Fredrik Willem, sejarawan Belanda yang melakukan riset tentang Kapten Westerling, membuka arsip tersebut tahun lalu. Selain laporan ini, NEFIS juga mengkliping artikel tentang Adolf Lembong yang ditulis Arsenio Lucson dengan judul Inside Indonesia. Artikel ini dimuat surat kabar Manila Times ediisi 15 November 1948.

Aksi gerilya Lembong di Filipina, bagi Arsenio tak jauh beda dengan kisah-kisah dalam film laga buatan Hollywood. Karena itu, Arsenio menuliskan secara singkat kisah gerilya Lembong di Filipina dan keberpihakannya kepada Republik Indonesia.
Bukan Jago Kandang

Sebelum Abdul Haris Nasution menulis Pokok-pokok Gerilya, bahkan sebelum Nasution sendiri terlibat perang gerilya, Lembong sudah terlibat dalam perang gerilya di Filipina melawan Tentara fasis Jepang. Lembong sebenarnya tak pernah berniat pergi ke Filipina. Namun, perang pasifik membawanya ke sana.

Sebelum jadi tawanan Jepang, Adolf Gustaaf Lembong adalah operator radio KNIL dengan nomor registrasi 41642. Lembong asal Minahasa. Bersama kawan-kawannya yang ikut ditawan, Lembong dijadikan heiho (pembantu tentara).

Mereka dikirim dengan kapal ke dekat medan pertempuran Pasifik. Beberapa hari dia di Rabaul lalu di Luzon, Filipina. Setelah terjalin kontak dengan gerilyawan Filipina, Lembong dan sesama heiho, mereka kabur dari kamp Jepang. Lembong dan kawan-kawannya lalu bertemu gerilyawan Filipina dan tentara Amerika.

“Jangan berkecil hati. Milikilah harapan dan terus berjalan, dan jangan bertanya ke mana kita akan pergi! Waktunya akan datang dan tujuan kita akan tercapai,” kata perwira Amerika itu dalam bahasa Inggris. Hanya Lembong yang paham bahasa Inggris di antara para pelarian itu.

Berkali-kali rombongan itu bertemu tentara Jepang. Namun, komandan Amerika itu tak mau mengambil risiko, dan mencari jalan aman sekaligus menghindari kontak senjata. Tak jarang, Lembong dan kawan-kawan gerilyanya ditolong oleh orang-orang Filipina. Selama bergerilya pernah juga Lembong menyamar sebagai penduduk lokal Filipina. Dia memasuki desa atau kota di mana tentara Jepang juga berkeliaran. Pernah Lembong mengaku sebagai penjaga kampung pada serdadu Jepang yang memeriksanya. Lembong juga pernah menyamar menjadi kondektur kereta api.

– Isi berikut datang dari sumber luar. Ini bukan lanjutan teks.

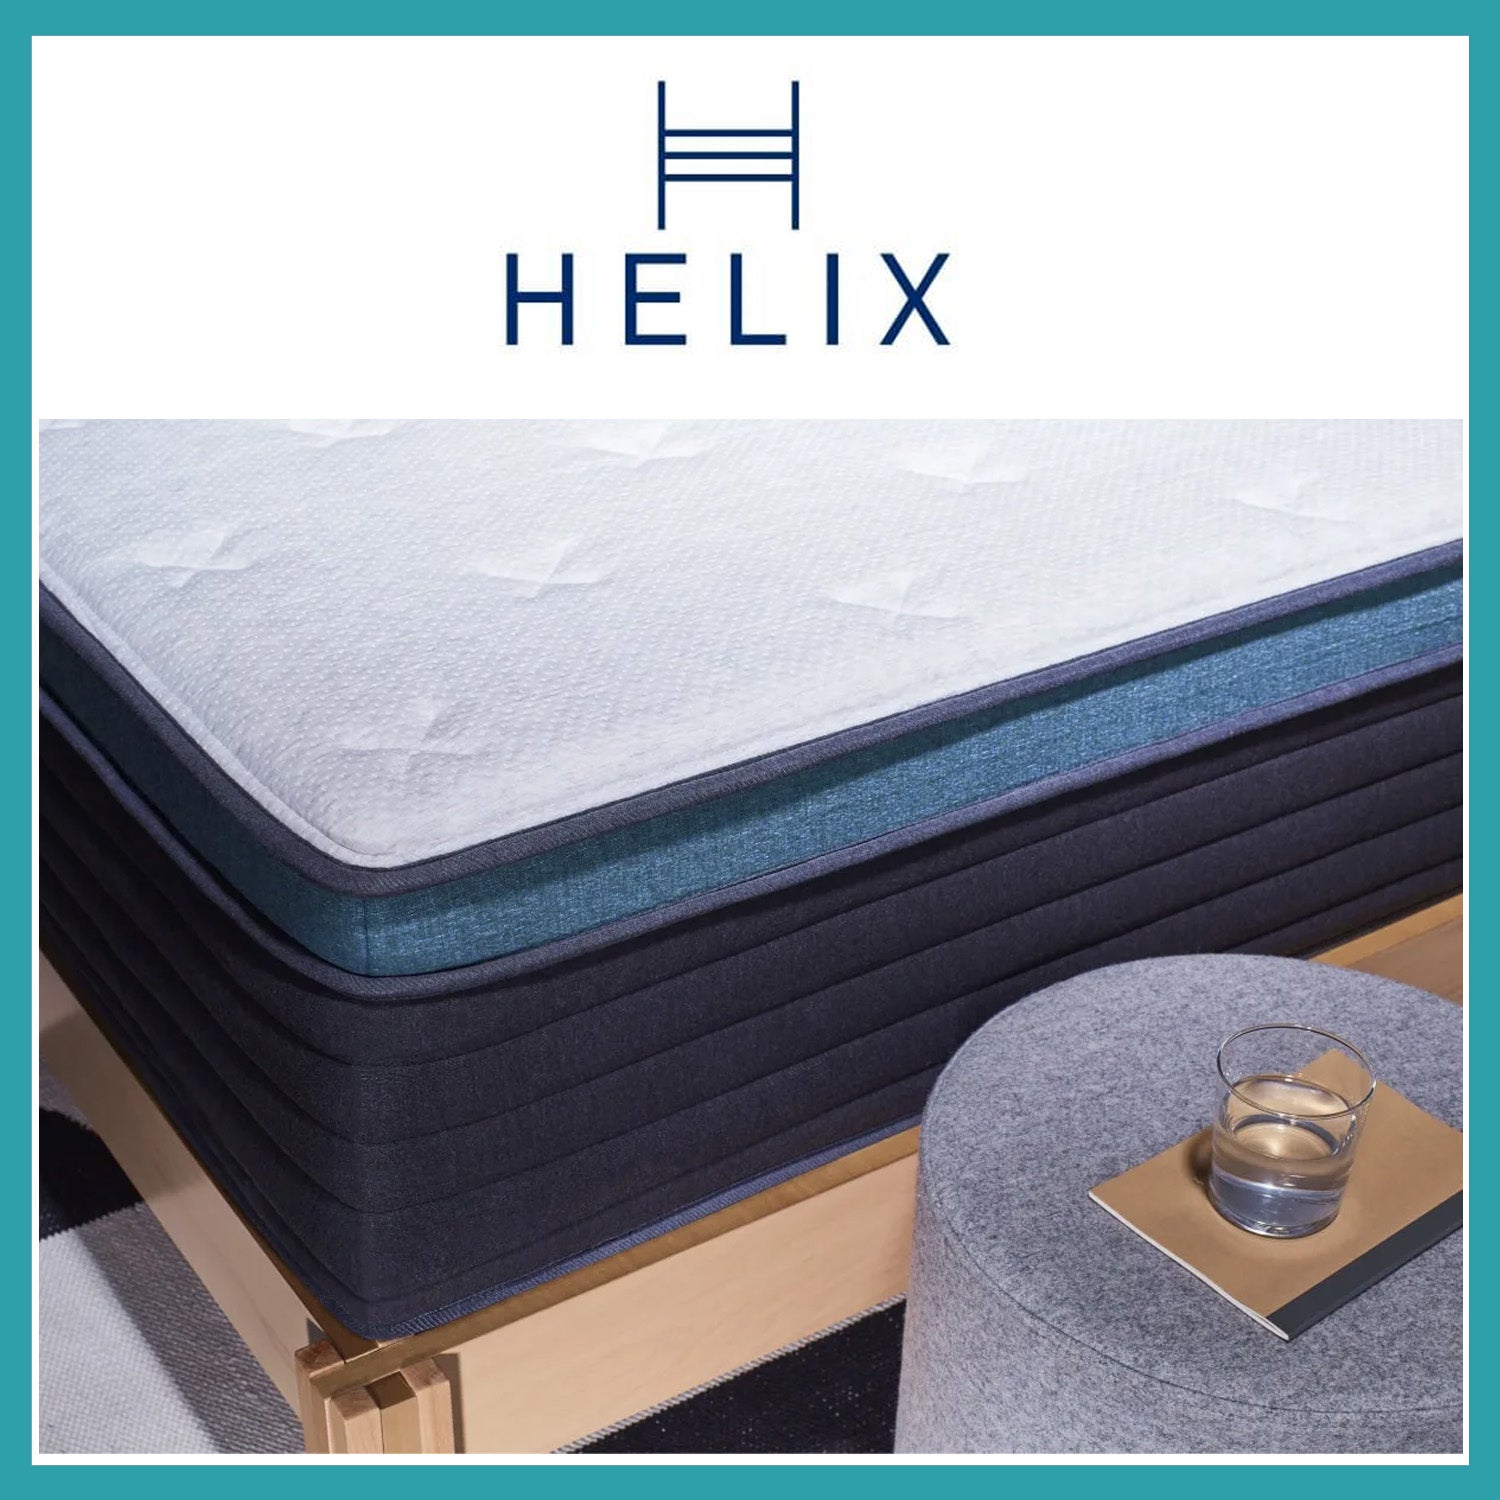 Helix Sunset Luxe Mattress 20% + 2 Free Dream Pillows

Dengan mata agak sipit dan kulit putihnya, Lembong sering dikira sebagai orang Jepang. Dia bahkan nyaris terbunuh karane dikira mata-mata Jepang. Kepada orang-orang Filipina yang ditemui, Lembong tak ragu untuk jujur soal identitasnya.

“Saya Adolf Lembong bekas tentara Belanda,” aku Lembong pada orang-orang Filipina. Dan Lembong mulai di kenal sebagian orang Filipina. Dalam kondisi terjepit, Lembong pernah dipercaya untuk memimpin sebuah regu gerilya untuk sementara waktu.

Nama Lembong mulai diperhitungkan para gerilyawan di Filipina setelah terlibat adu tembak dengan serdadu Jepang. Lembong ikut merobohkan serdadu Jepang dengan tembakan-tembakannya. Ini adalah kontak senjata pertama Lembong selama di Filipina. Setelah kejadian itu, dia dipercaya oleh komandan gerilya Tentara Amerika, Kapten Robert Lapham, dari Tentara Amerika keenam di Filipina.

Lapham lalu memberi pangkat Letnan Dua pada Lembong. Jabatannya adalah instruktur lalu merangkap perwira intelijen. Beberapa bulan kemudian, dia diangkat sebagai komandan Squadran 270. Pasukannya adalah orang-orang Minahasa yang ikut kabur bersamanya ditambah beberapa orang Filipina.

Suatu kali, Lembong dan pasukannya hanya berdiam di markas saja. Tak ada perintah menyergap Jepang atau perintah lainnya. Tak banyak pekerjaan yang dilakukan Lembong di sekitar markas gerilya. Dia merasa tak bisa berdiam diri. Tanpa menunggu lama lagi, Lembong memanggil anak buahnya.

Lembong berniat menyergap serdadu Jepang yang melintasi di jalan negara. Sembilan gerilyawan, yang kesemuanya orang Manado bekas KNIL, ikut bersamanya. Pada 6 Januari 1945 mereka berangkat ke jalan negara San Leon. Mereka tak langsung bertemu rombongan serdadu Jepang.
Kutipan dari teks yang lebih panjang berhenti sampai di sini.